TRY IT: Copy exactly the last part of the entries, starting from the line with "La princesa heredera" and including the final line.

Saved entries:
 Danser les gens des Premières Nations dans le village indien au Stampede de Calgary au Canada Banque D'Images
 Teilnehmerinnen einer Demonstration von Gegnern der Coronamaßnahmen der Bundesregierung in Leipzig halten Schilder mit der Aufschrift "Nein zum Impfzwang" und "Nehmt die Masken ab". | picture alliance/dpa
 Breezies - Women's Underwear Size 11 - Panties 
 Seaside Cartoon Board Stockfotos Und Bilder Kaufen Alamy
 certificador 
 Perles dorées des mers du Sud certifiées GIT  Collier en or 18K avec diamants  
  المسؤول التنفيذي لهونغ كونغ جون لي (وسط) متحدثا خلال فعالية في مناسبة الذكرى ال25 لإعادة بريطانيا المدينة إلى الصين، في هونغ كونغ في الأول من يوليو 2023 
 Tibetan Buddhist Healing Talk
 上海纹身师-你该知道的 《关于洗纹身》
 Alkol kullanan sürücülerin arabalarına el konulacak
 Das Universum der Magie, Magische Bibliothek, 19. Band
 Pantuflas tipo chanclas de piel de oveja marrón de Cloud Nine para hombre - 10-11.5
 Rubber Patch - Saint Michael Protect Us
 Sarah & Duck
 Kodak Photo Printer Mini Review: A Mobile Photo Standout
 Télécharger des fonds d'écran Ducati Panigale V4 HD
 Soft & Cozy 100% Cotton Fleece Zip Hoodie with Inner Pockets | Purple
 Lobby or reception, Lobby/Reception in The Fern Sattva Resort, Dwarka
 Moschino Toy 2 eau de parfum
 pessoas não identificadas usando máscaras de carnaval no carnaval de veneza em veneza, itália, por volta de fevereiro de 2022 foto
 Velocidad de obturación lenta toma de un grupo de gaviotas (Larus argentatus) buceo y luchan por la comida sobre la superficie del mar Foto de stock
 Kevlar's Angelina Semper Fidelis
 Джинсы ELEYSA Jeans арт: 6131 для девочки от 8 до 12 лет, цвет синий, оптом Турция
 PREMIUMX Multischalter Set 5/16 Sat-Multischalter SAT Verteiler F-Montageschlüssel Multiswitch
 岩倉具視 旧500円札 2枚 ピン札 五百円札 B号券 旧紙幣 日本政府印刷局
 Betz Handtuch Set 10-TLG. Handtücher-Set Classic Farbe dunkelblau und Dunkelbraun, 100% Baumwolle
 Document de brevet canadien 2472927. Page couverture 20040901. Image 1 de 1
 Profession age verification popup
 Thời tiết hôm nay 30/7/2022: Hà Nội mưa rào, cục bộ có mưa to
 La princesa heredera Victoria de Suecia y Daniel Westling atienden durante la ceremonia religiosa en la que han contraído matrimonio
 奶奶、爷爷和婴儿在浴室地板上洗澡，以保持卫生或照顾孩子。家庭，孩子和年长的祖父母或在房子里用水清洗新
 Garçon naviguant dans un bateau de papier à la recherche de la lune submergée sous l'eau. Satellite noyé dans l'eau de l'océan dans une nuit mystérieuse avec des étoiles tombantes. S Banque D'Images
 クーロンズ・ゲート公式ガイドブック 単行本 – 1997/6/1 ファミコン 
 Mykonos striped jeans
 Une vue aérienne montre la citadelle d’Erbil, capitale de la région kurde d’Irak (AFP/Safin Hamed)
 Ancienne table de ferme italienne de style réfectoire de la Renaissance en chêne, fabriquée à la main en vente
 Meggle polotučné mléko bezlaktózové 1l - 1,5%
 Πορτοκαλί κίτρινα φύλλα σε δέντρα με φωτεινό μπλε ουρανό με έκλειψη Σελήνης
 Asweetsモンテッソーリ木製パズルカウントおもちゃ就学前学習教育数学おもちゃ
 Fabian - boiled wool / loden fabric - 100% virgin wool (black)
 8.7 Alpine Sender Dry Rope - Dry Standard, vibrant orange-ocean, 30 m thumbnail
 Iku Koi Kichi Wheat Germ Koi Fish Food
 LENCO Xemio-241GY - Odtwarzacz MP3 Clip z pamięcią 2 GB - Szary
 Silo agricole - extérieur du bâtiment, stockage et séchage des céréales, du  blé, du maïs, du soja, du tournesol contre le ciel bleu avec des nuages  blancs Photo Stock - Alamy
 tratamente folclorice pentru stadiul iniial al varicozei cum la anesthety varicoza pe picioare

RESPONSE:
 La princesa heredera Victoria de Suecia y Daniel Westling atienden durante la ceremonia religiosa en la que han contraído matrimonio
 奶奶、爷爷和婴儿在浴室地板上洗澡，以保持卫生或照顾孩子。家庭，孩子和年长的祖父母或在房子里用水清洗新
 Garçon naviguant dans un bateau de papier à la recherche de la lune submergée sous l'eau. Satellite noyé dans l'eau de l'océan dans une nuit mystérieuse avec des étoiles tombantes. S Banque D'Images
 クーロンズ・ゲート公式ガイドブック 単行本 – 1997/6/1 ファミコン 
 Mykonos striped jeans
 Une vue aérienne montre la citadelle d’Erbil, capitale de la région kurde d’Irak (AFP/Safin Hamed)
 Ancienne table de ferme italienne de style réfectoire de la Renaissance en chêne, fabriquée à la main en vente
 Meggle polotučné mléko bezlaktózové 1l - 1,5%
 Πορτοκαλί κίτρινα φύλλα σε δέντρα με φωτεινό μπλε ουρανό με έκλειψη Σελήνης
 Asweetsモンテッソーリ木製パズルカウントおもちゃ就学前学習教育数学おもちゃ
 Fabian - boiled wool / loden fabric - 100% virgin wool (black)
 8.7 Alpine Sender Dry Rope - Dry Standard, vibrant orange-ocean, 30 m thumbnail
 Iku Koi Kichi Wheat Germ Koi Fish Food
 LENCO Xemio-241GY - Odtwarzacz MP3 Clip z pamięcią 2 GB - Szary
 Silo agricole - extérieur du bâtiment, stockage et séchage des céréales, du  blé, du maïs, du soja, du tournesol contre le ciel bleu avec des nuages  blancs Photo Stock - Alamy
 tratamente folclorice pentru stadiul iniial al varicozei cum la anesthety varicoza pe picioare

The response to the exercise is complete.